Produce a word-for-word copy of the data that follows, excluding images.

[Information supplied]:
-- Opening Marker --
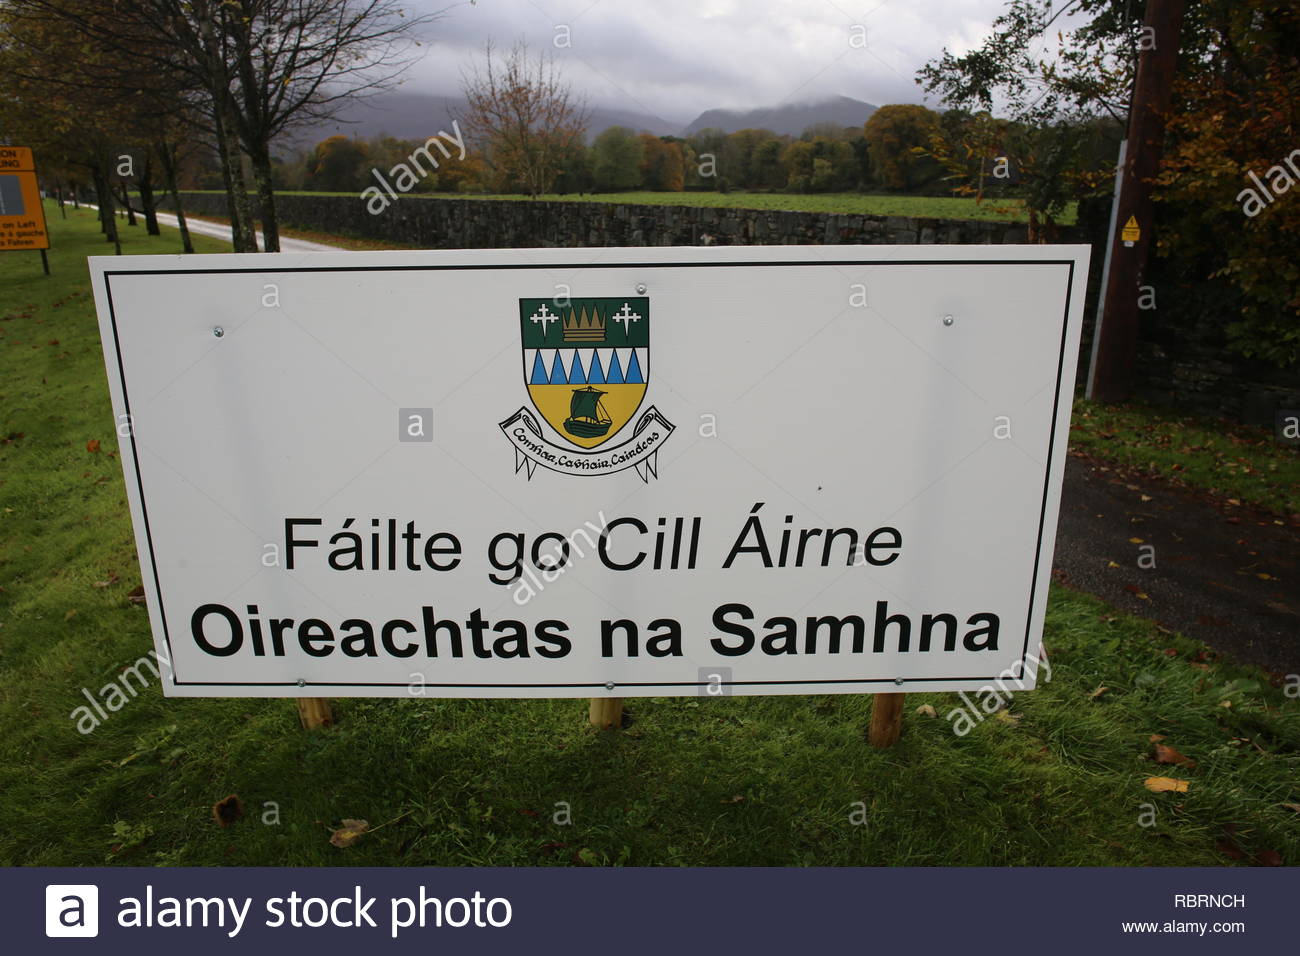 Ein Zeichen in Irisch und Englisch außerhalb von Killarney, County Kerry, Besucher auf eine irische Sprache Festival. Stockfoto
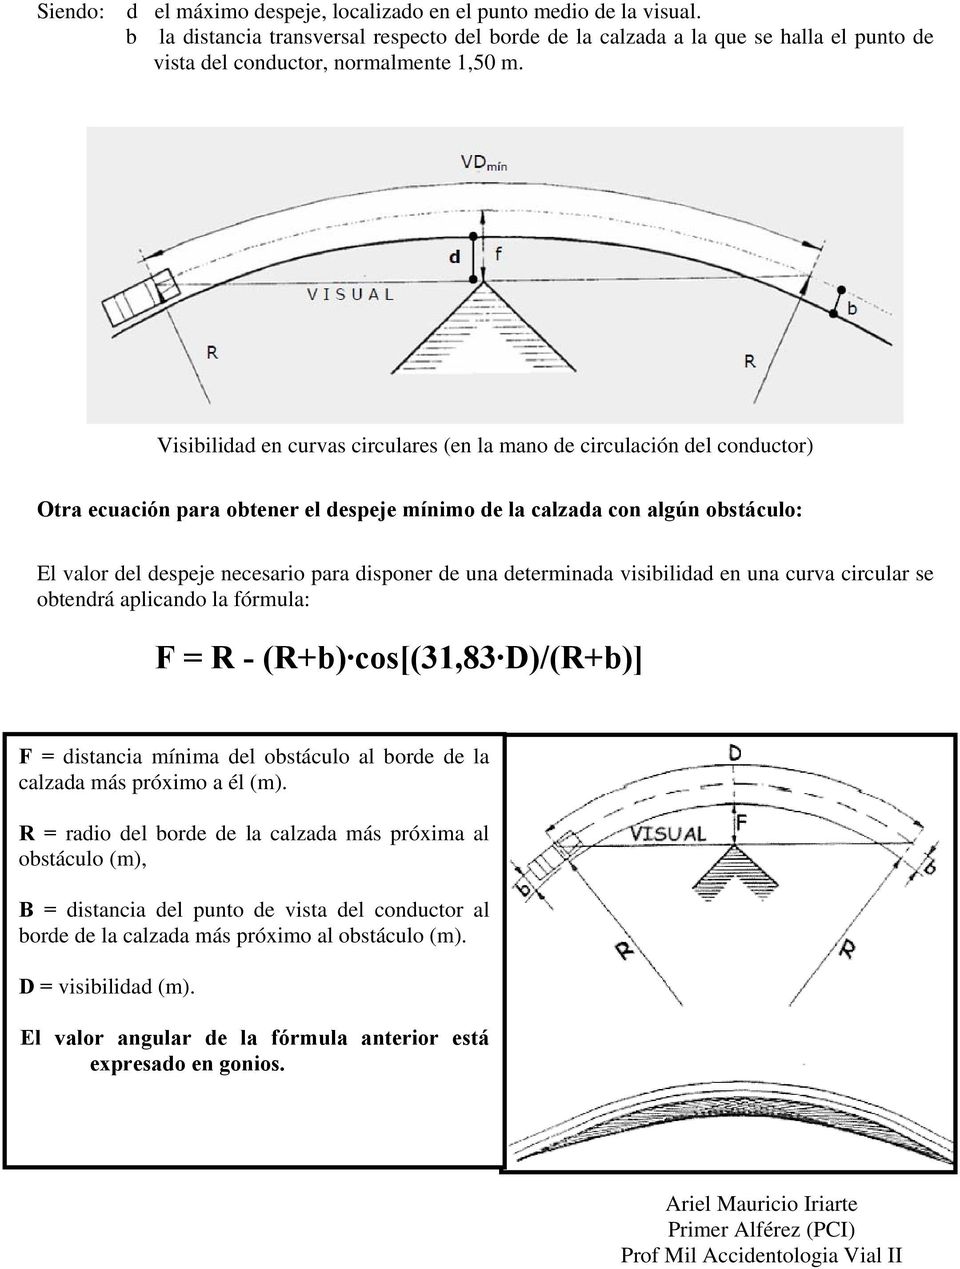 Visibilidad en curvas circulares (en la mano de circulación del conductor) Otra ecuación para obtener el despeje mínimo de la calzada con algún obstáculo: El valor del despeje necesario para disponer
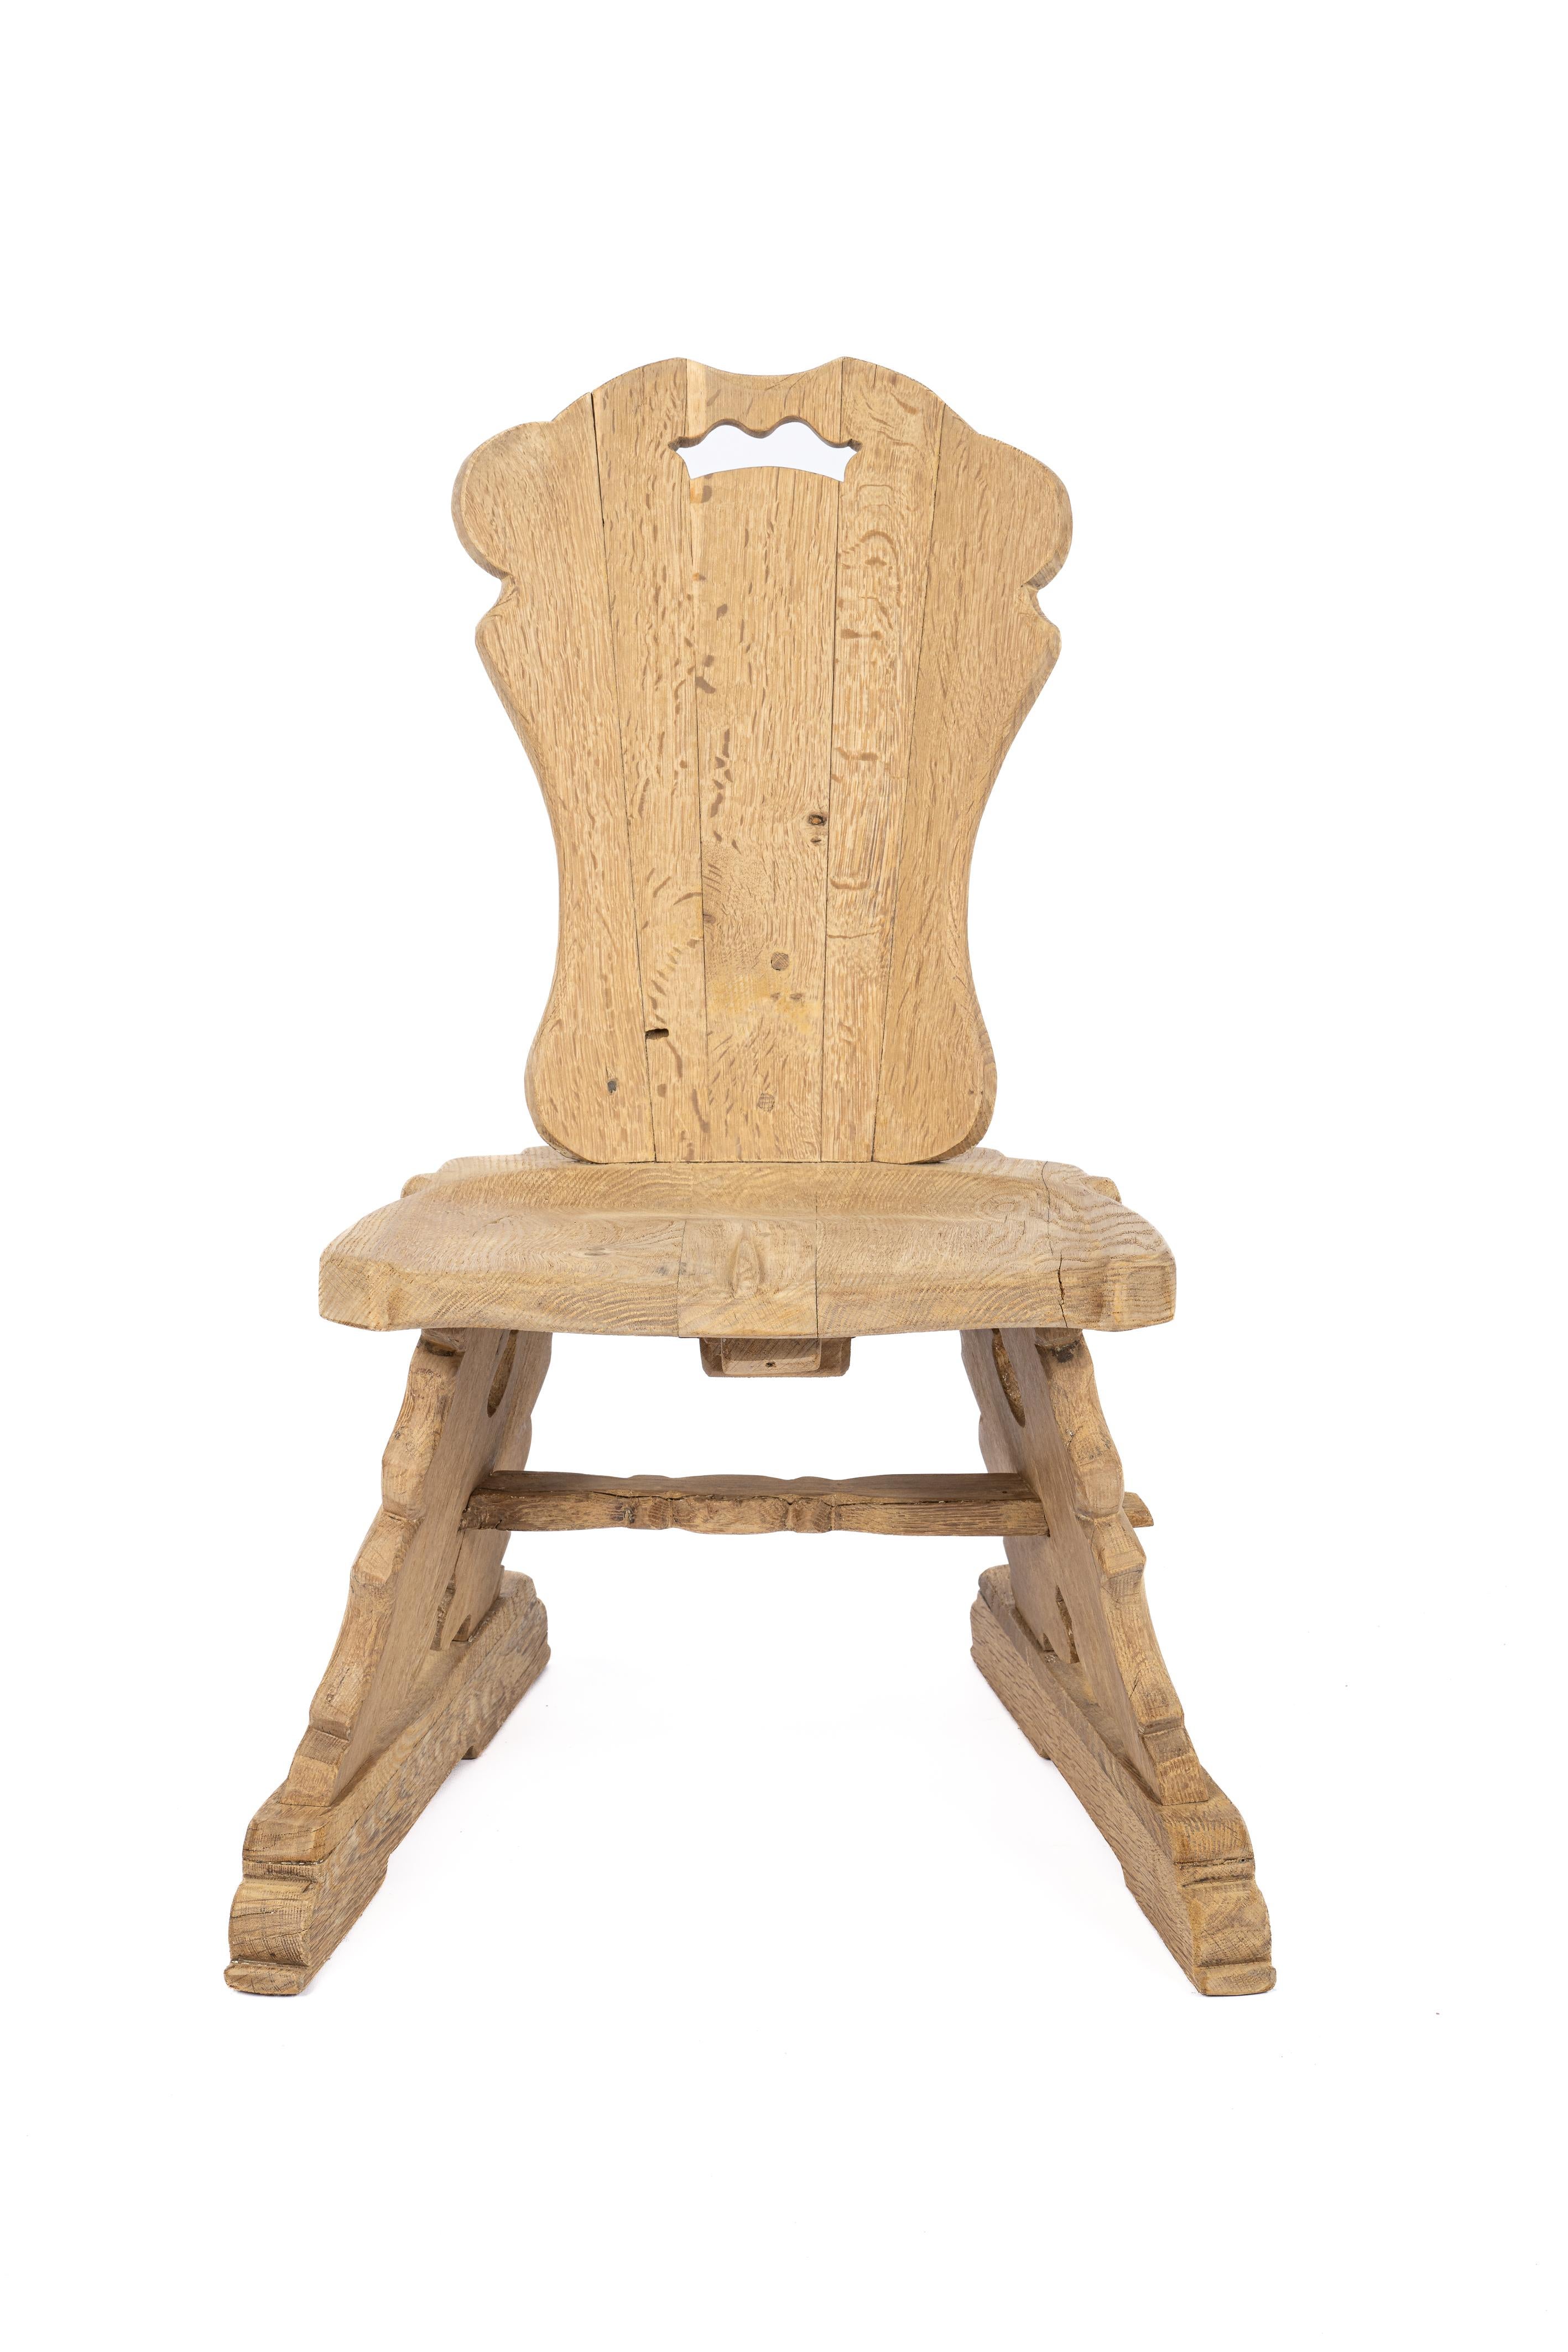 La chaise proposée ici a été fabriquée par le maître fabricant de meubles Piet Rombouts vers 1950. La chaise a été fabriquée à partir du meilleur chêne d'été scié sur quartier disponible. Le bois est très stable et présente une belle veinure
-- Closing Marker --
[Solution to this problem]:
 Ein Zeichen in Irisch und Englisch außerhalb von Killarney, County Kerry, Besucher auf eine irische Sprache Festival. Stockfoto
 Visibilidad en curvas circulares (en la mano de circulación del conductor) Otra ecuación para obtener el despeje mínimo de la calzada con algún obstáculo: El valor del despeje necesario para disponer
 La chaise proposée ici a été fabriquée par le maître fabricant de meubles Piet Rombouts vers 1950. La chaise a été fabriquée à partir du meilleur chêne d'été scié sur quartier disponible. Le bois est très stable et présente une belle veinure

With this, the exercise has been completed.